Con Guarino Guarini, l’architettura della luce diventa un linguaggio poetico: le sue cupole sembrano respirare, trasformando la pietra in un dialogo vivo tra fede, geometria e meraviglia

Nel cuore pulsante del Barocco europeo, quando Roma diffondeva la propria magnificenza verso le corti e i principati del continente, emerse una figura singolare, quasi visionaria: Guarino Guarini, teologo, matematico e architetto. La sua opera si distingue per una architettura straordinaria e incredibile luce, sintesi perfetta tra misticismo e scienza, tra rigore geometrico e slancio spirituale.

Guarini non fu soltanto un interprete dello spirito barocco, ma un creatore di forme che sembrano oltrepassare la materia per farsi rivelazione. Le sue cupole, le sue geometrie intrecciate come cristalli di fede, sono esperimenti di teologia costruita, di metafisica resa pietra. Se Borromini aveva dato al Barocco un respiro irrazionale e vibrante, Guarini ne elaborò la grammatica celeste, costruendo spazi in cui la luce non è semplice fenomeno ottico, ma principio divino che modella e trasfigura.

Un genio della Controriforma

Guarino Guarini nasce a Modena nel 1624 e, ancora giovanissimo, entra tra i chierici regolari teatini. L’ordine, dedito alla teologia e all’insegnamento, gli offre una formazione enciclopedica: oltre al latino e alla filosofia, egli approfondisce matematica, prospettiva e architettura. Questo sapere ampio diverrà la base del suo linguaggio artistico, un lessico capace di coniugare spiritualità e scienza.

Guarini viaggia molto. Lo troviamo a Messina, a Parma, a Roma — dove entra in contatto con l’eredità di Borromini — e infine a Torino, capitale dei Savoia. Lì, tra il 1666 e la sua morte nel 1683, realizza le opere che ne definiscono il genio.

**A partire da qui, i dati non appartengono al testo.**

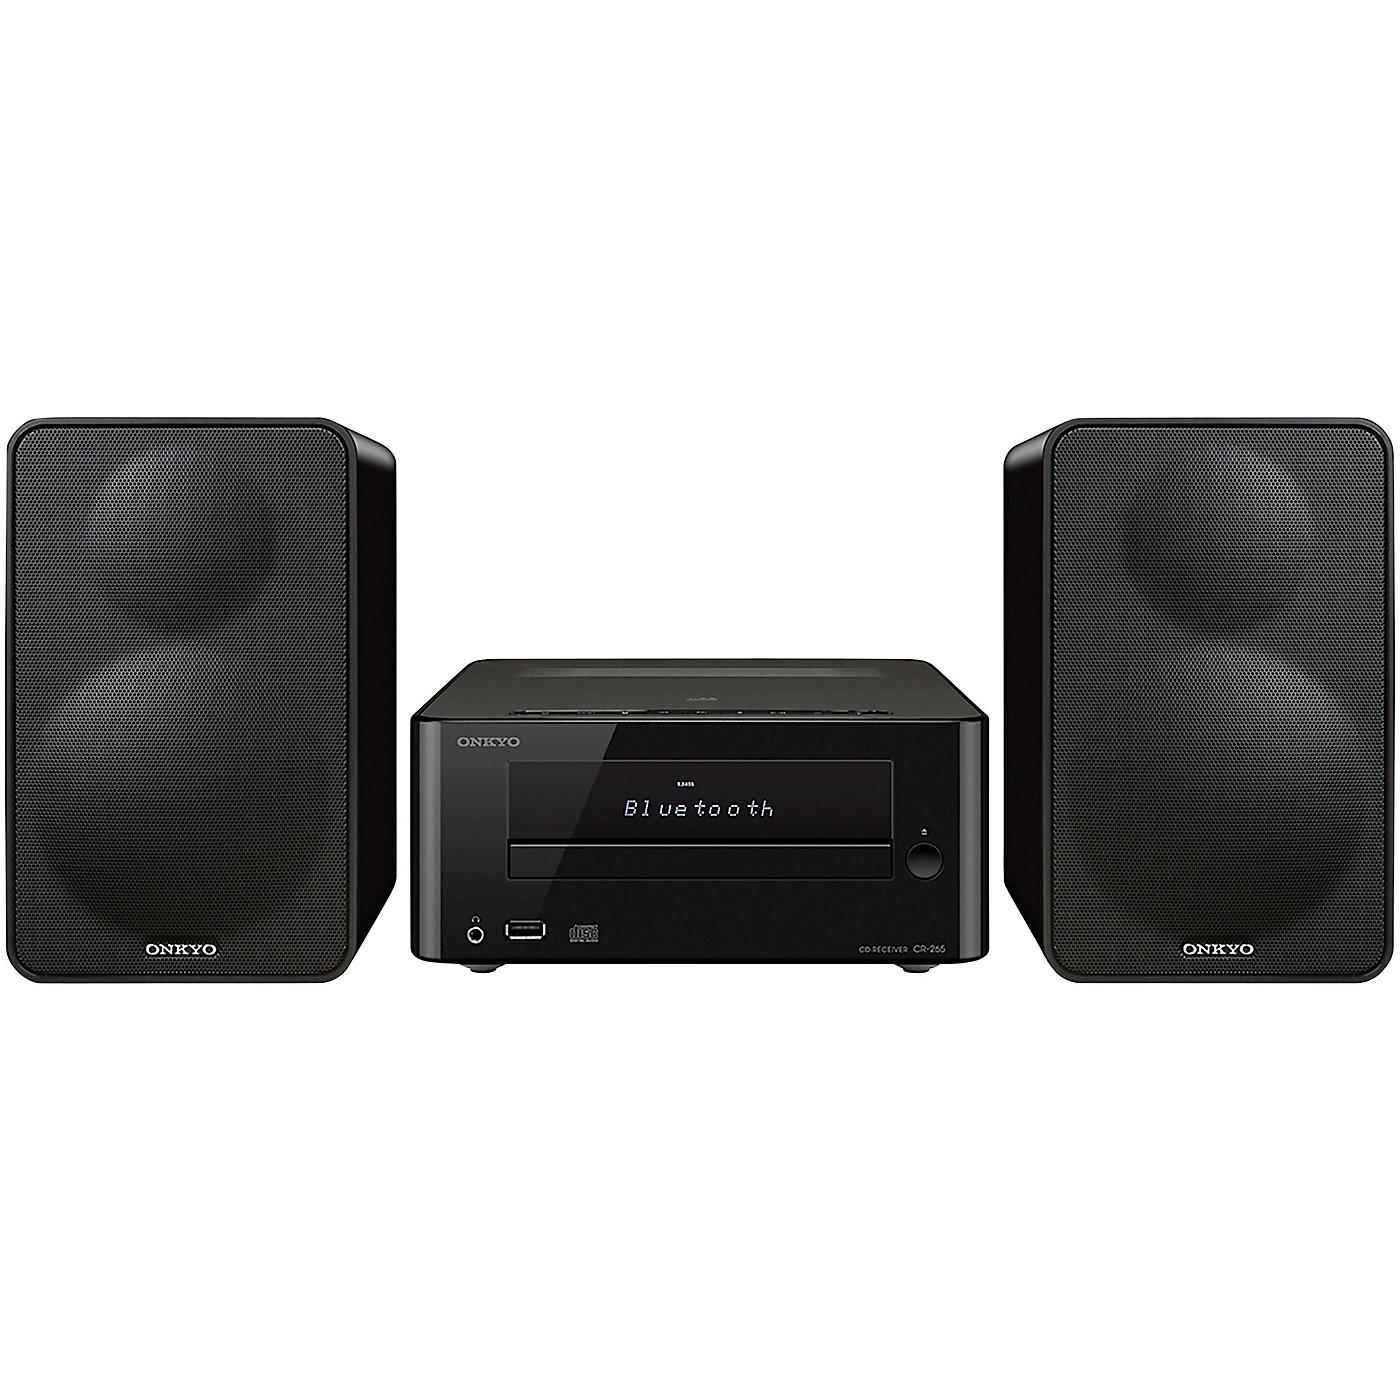 Onkyo Colibrino CD Hi-Fi Mini System with Bluetooth thumbnail

Secondo la Treccani Guarini è autore non solo di edifici sorprendenti, ma anche di testi teorici come il Trattato di Architettura Civile e il Modo di misurare le fabbriche. In essi emerge la convinzione che l’architettura debba incarnare un principio divino di ordine e proporzione, traducendo in forme terrestri l’armonia celeste.

Durante la Controriforma, l’arte sacra aveva il compito di persuadere e commuovere, di portare l’anima alla contemplazione e alla fede. In questo clima, Guarini elabora un linguaggio spaziale che non persuade attraverso la retorica, ma attraverso la rivelazione della luce: la struttura architettonica diventa un’esperienza mistica.

Architettura straordinaria e incredibile luce

Il cuore della sua poetica è la luce. Non come effetto decorativo, ma come materia spirituale che definisce lo spazio. Attraverso le sue ardite costruzioni a nervature intrecciate, Guarini crea veri e propri filtri di luminosità che scendono dall’alto come raggi di grazia.

Nelle sue architetture — la Chiesa di San Lorenzo (1668–1687) e la Cappella della Sacra Sindone (1667–1690) — il visitatore sperimenta una vertigine di piani, archi e cupole che si dissolvono in fasci di luce. L’ordine geometrico diviene lirismo, e l’effetto finale è quello di una levitazione visiva.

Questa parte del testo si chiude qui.